En la literatura abundan los amores inalcanzables; se podría decir que han sido uno de los temas más recurrentes. Casi nunca se describe un amor conseguido, y si en alguna ocasión aparece, solo sirve para el desenlace. Tal vez porque se da por sentado que el alcance del bienestar y la complacencia amorosa es poco intrigante, falto de morbosidad. La constatación del ideal no es del gusto de los escritores de ficción; creen que todo se acabará en el primer capítulo, expresando simplemente: ¡Espléndida existencia! ¡Qué bien me lo paso!

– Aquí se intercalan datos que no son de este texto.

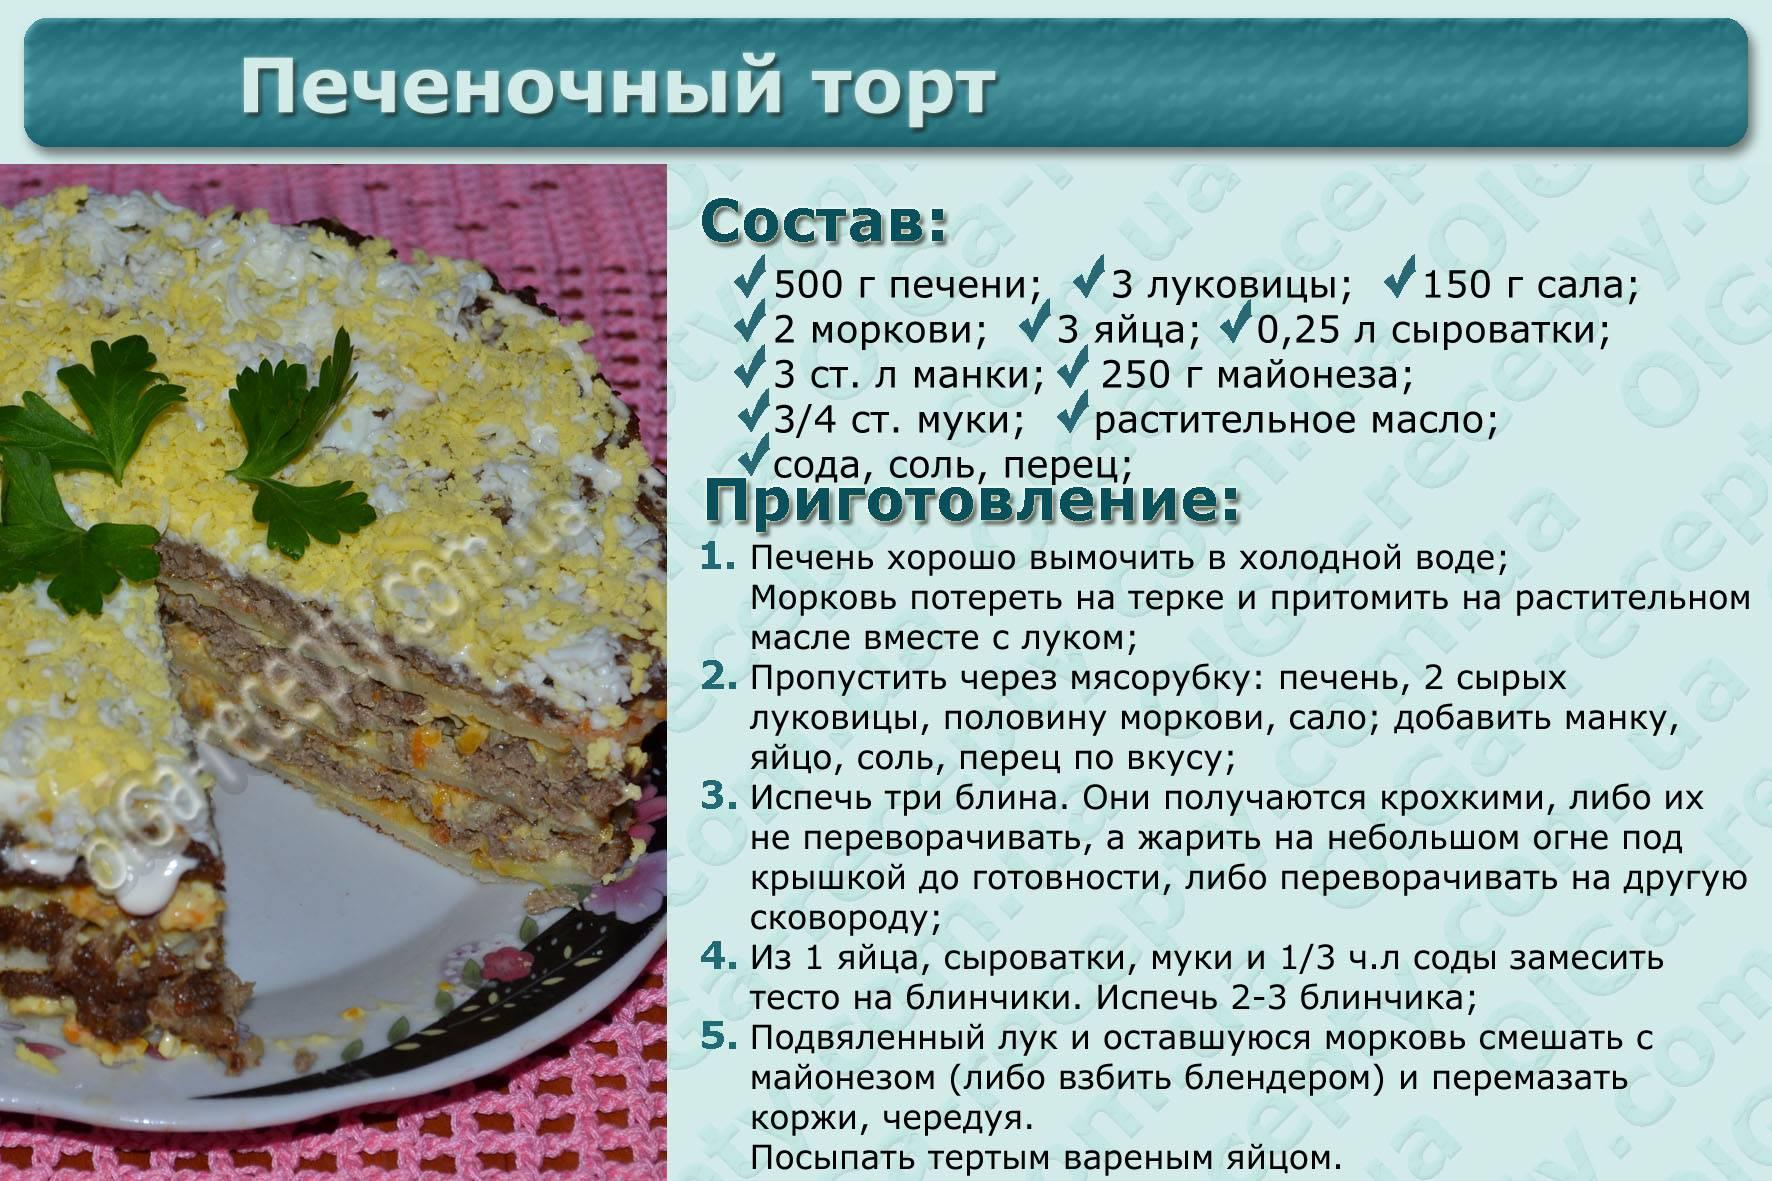 Печеночный торт — 10 самых вкусных рецептов с фото пошагово

En la vida real nada es lo que parece. No he tenido un solo minuto de aburrimiento junto a Dolors; casi nunca necesitamos amigos para salir y mucho menos para viajar. Nos bastamos solos, porque con el tiempo aumenta la percepción de que la cuenta atrás ha empezado. Así pues, como ya habrán observado que me gusta nadar contracorriente, sigo por el camino, literariamente arriesgado, de la bienandanza, convencido de que narrando los rasgos esenciales de una mujer inteligente, de una artista profunda y una amante leal, ofrezco mi mejor tributo a la realidad de la cual he acabado siendo un adepto compulsivo.

Ahora, con cierto fastidio, debo abandonar durante un tiempo los deleites del amor, pues salgo de nuevo a batallar, ya que el enemigo no cesa en su empeño de intentar silenciarme.